Assignment => An exact reprint of the listing is required, with no pictures included.

Supplied information =>
════════════════════

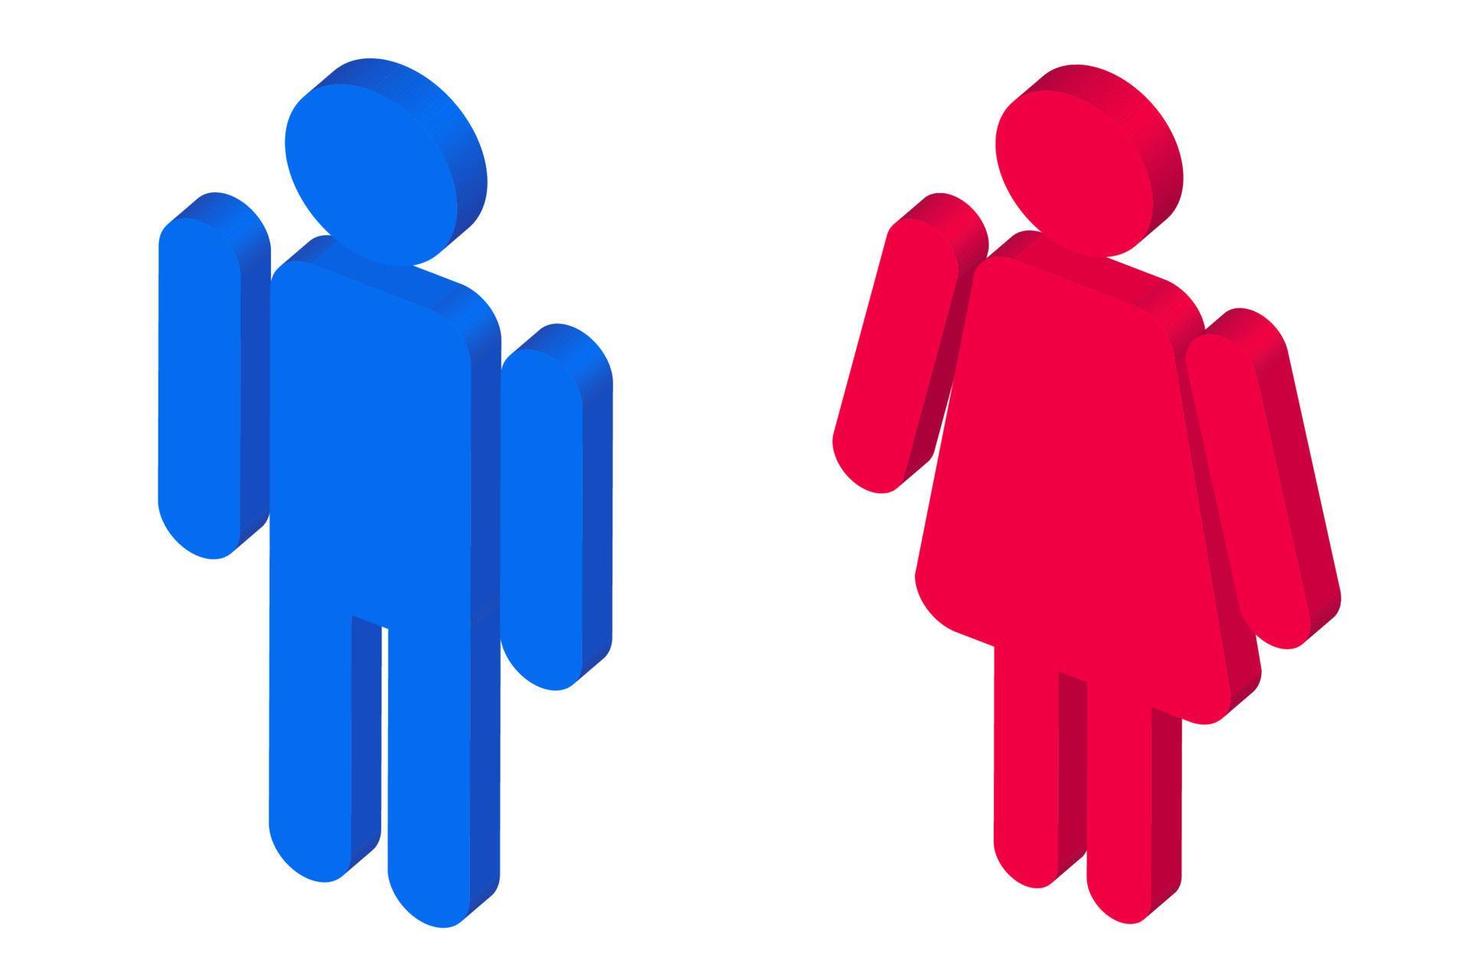 Man and woman icons isometric 3D rendering in blue and red colors. Isometric restroom icon illustration isolated on white background. vector
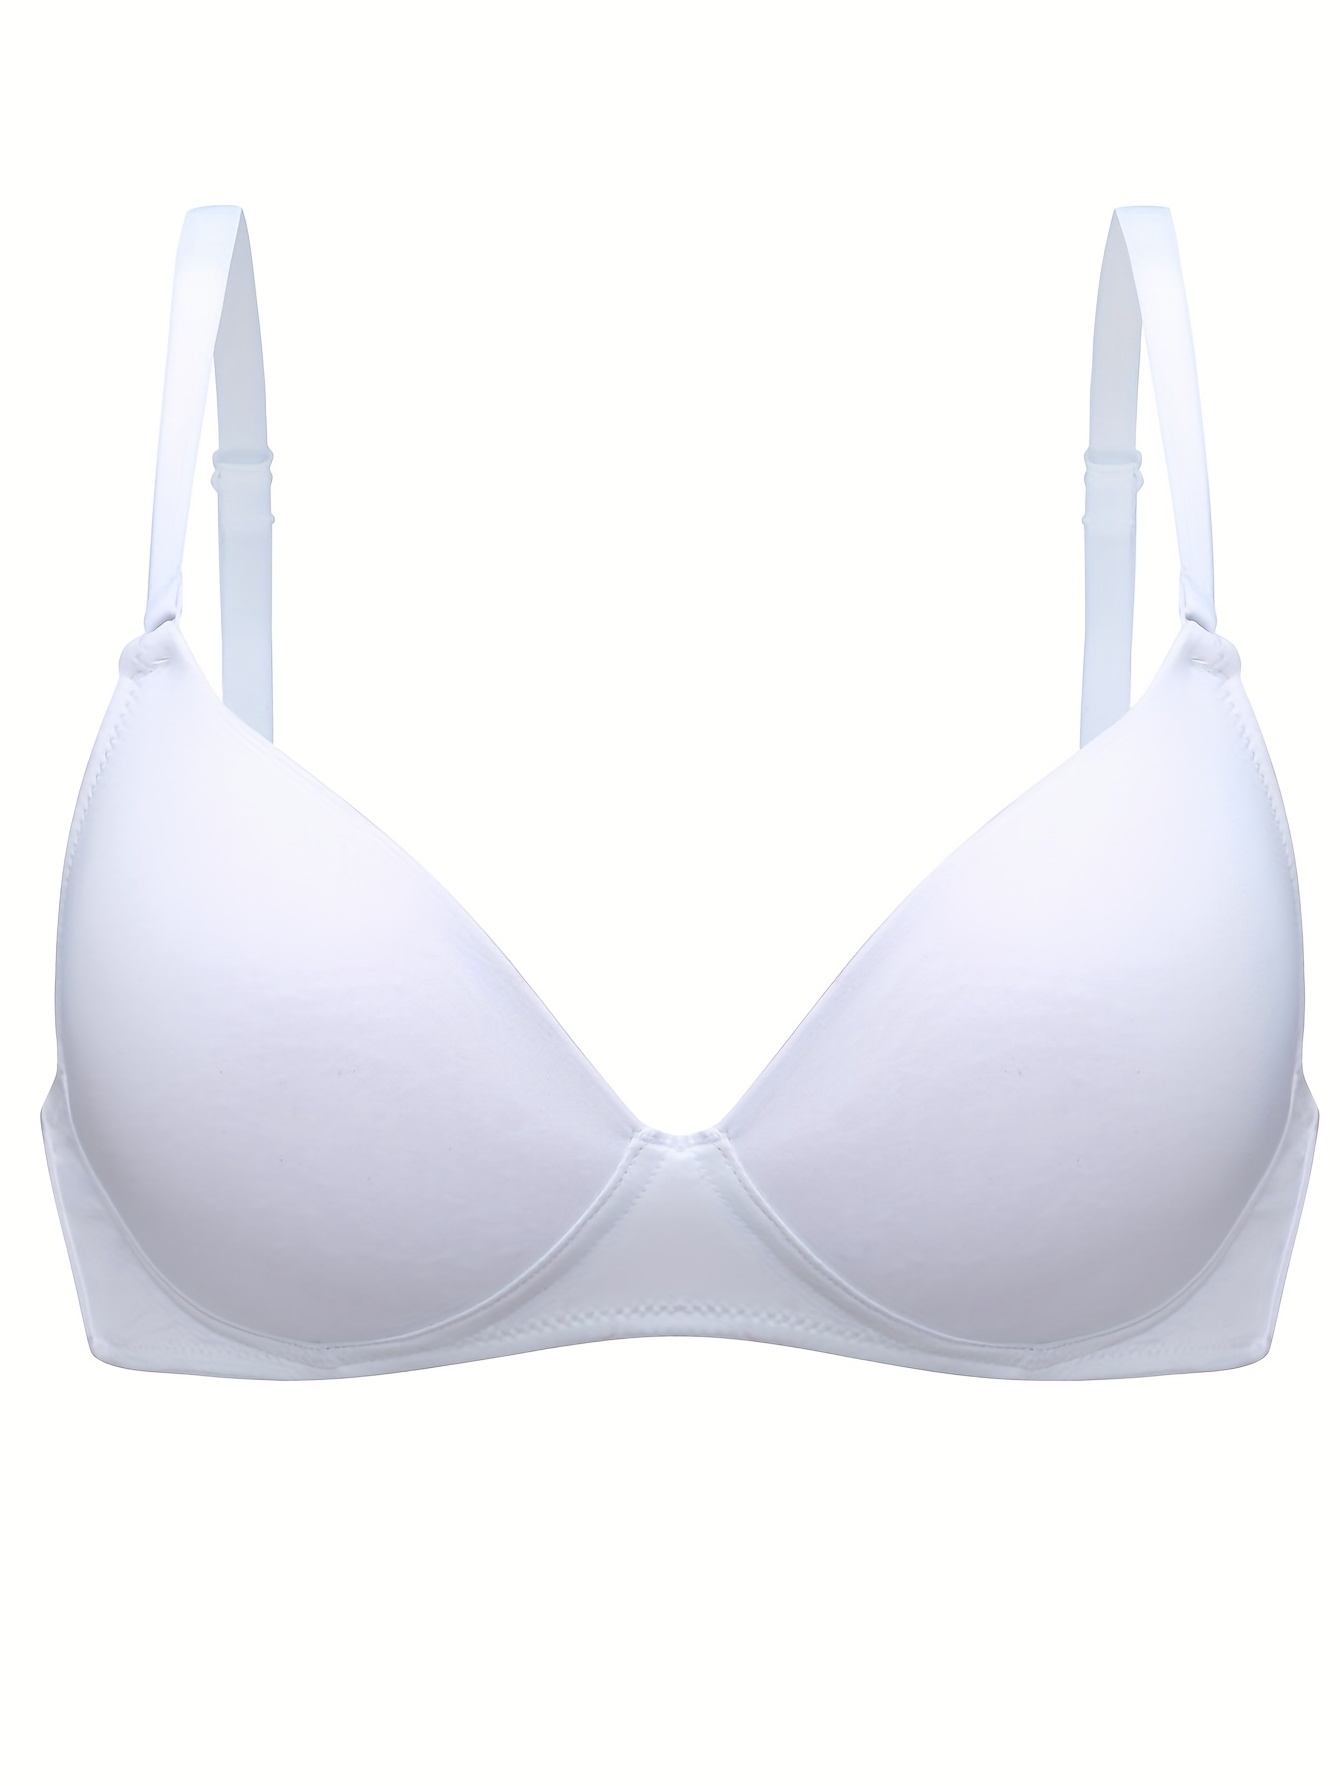 Invisible Underwire Bra For Women - Push Up, Solid Transparent, Back Closure
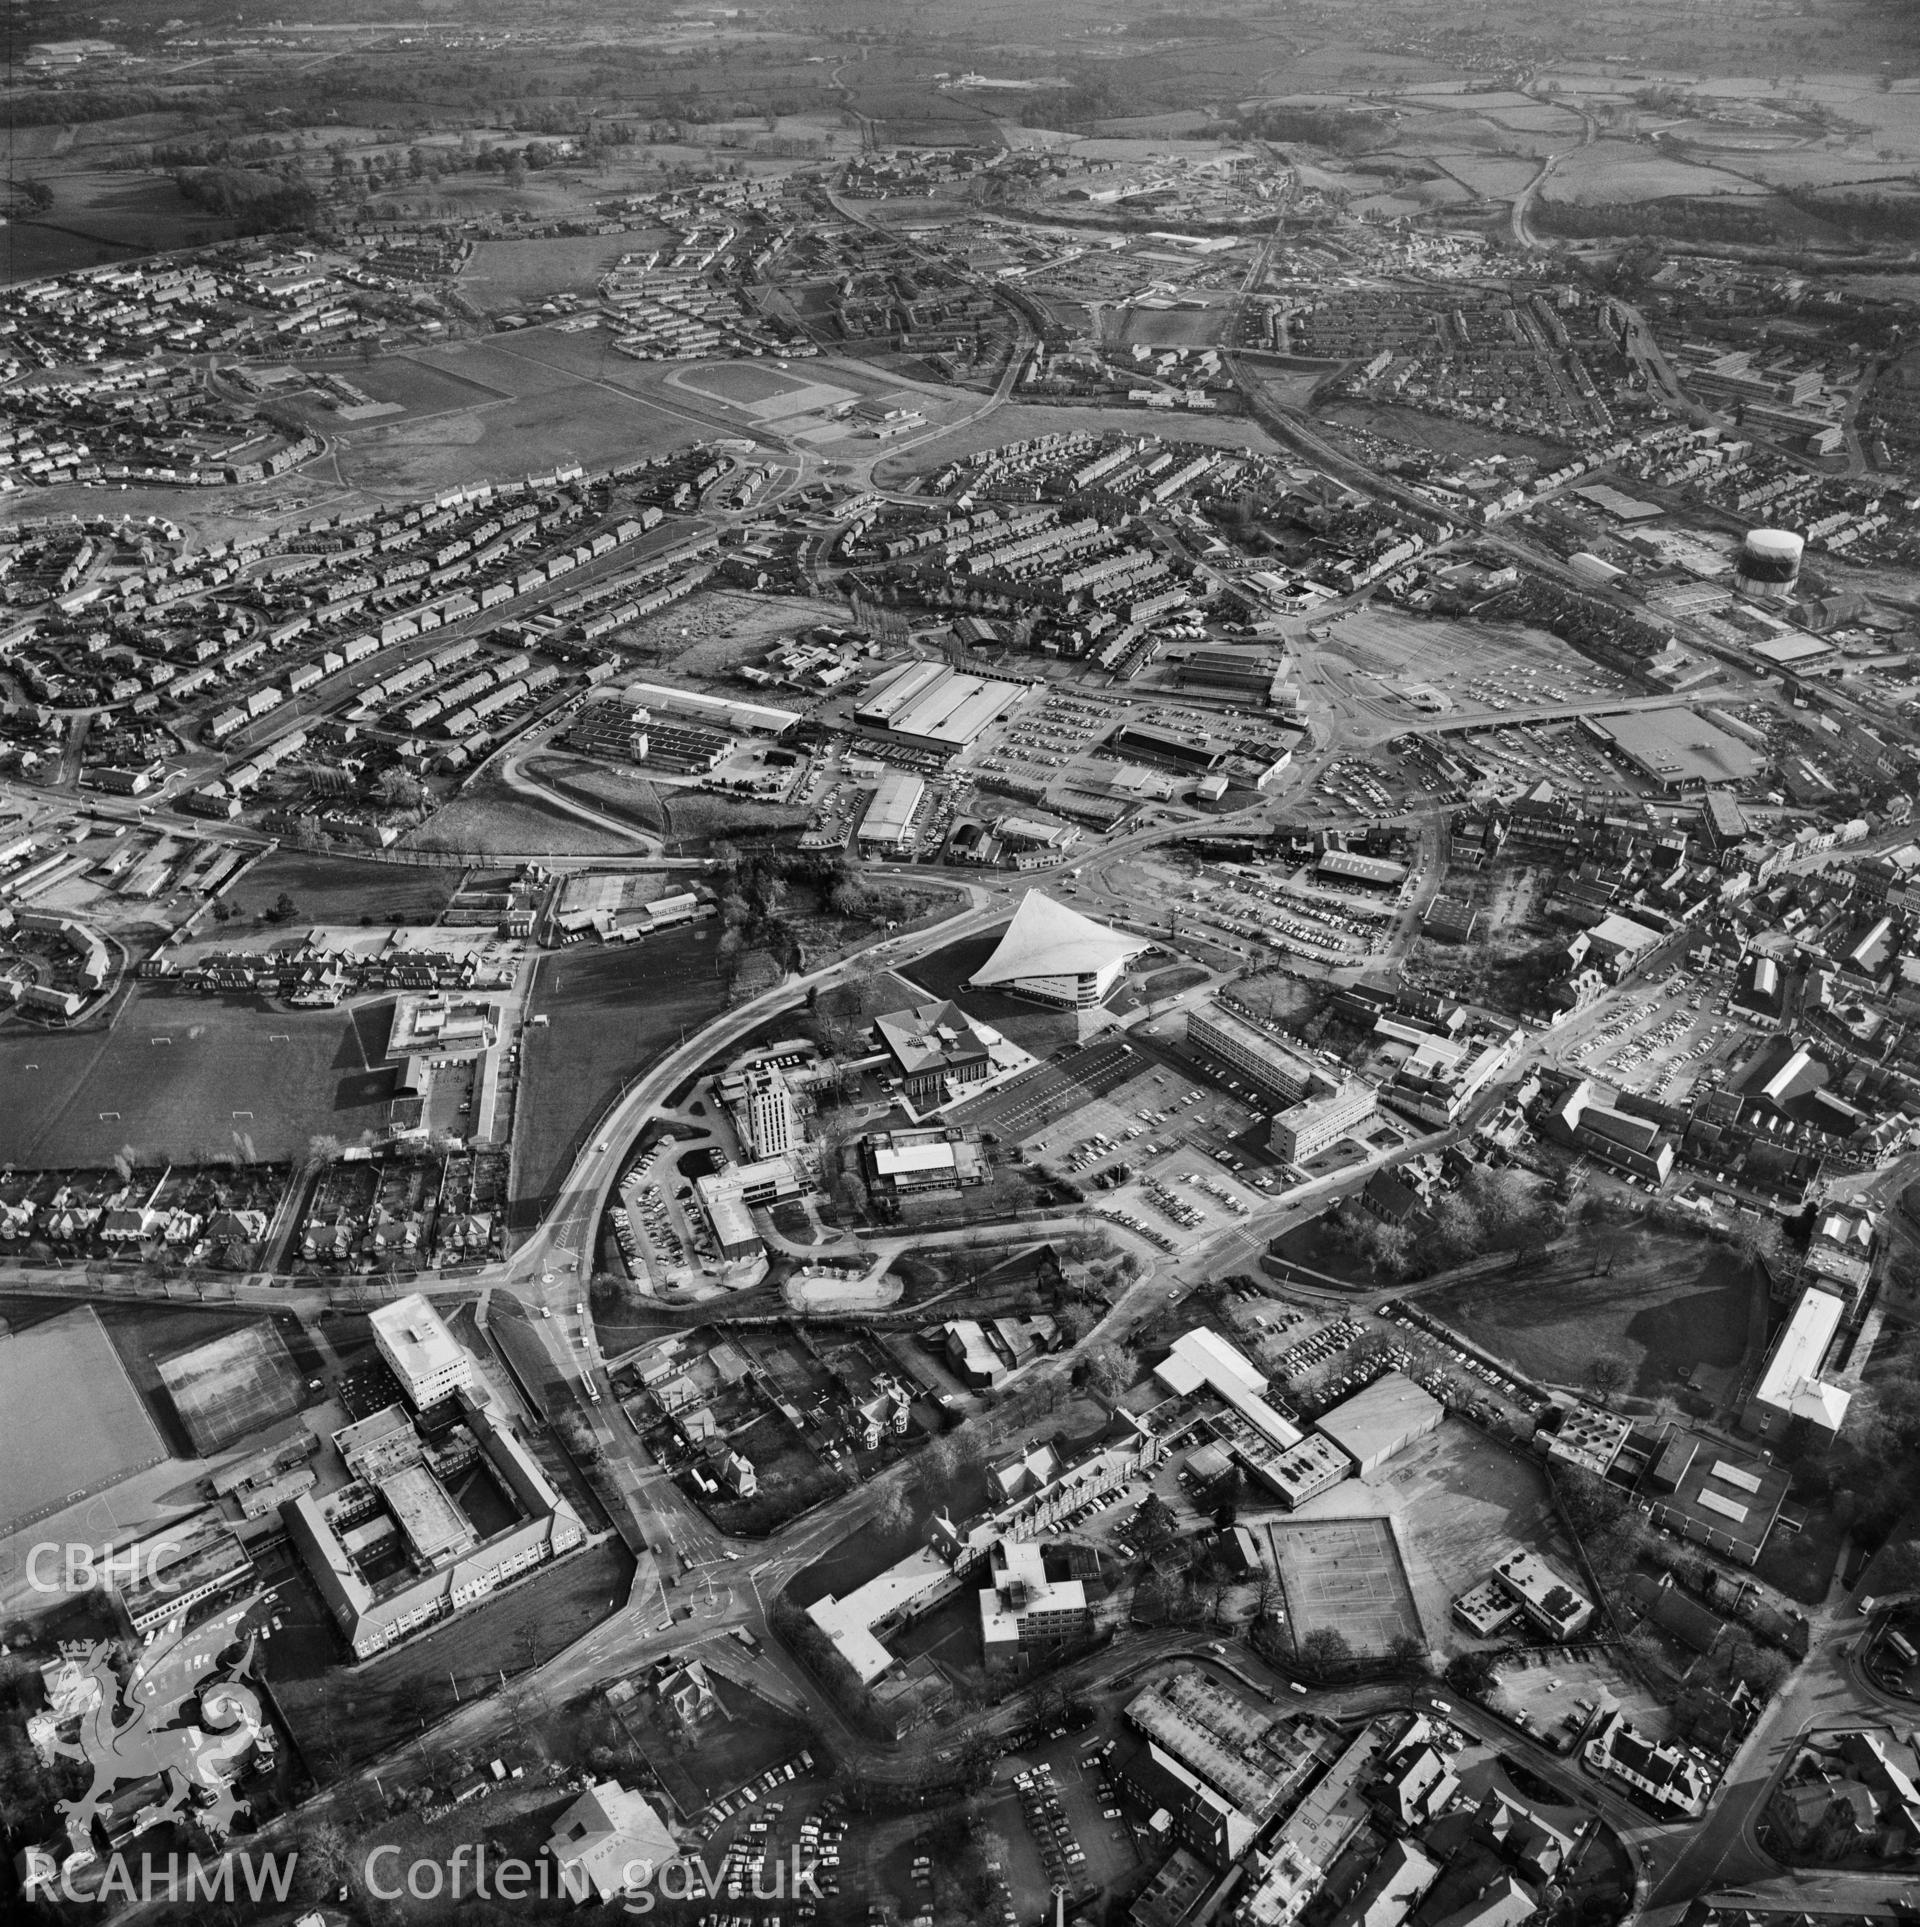 Black and white oblique aerial photograph showing the centre of   Wrexham,  from Aerofilms album, taken by Aerofilms Ltd and dated 1976.

════════════════════

Written response =>
 Man and woman icons isometric 3D rendering in blue and red colors. Isometric restroom icon illustration isolated on white background. vector
 Invisible Underwire Bra For Women - Push Up, Solid Transparent, Back Closure
 Black and white oblique aerial photograph showing the centre of   Wrexham,  from Aerofilms album, taken by Aerofilms Ltd and dated 1976.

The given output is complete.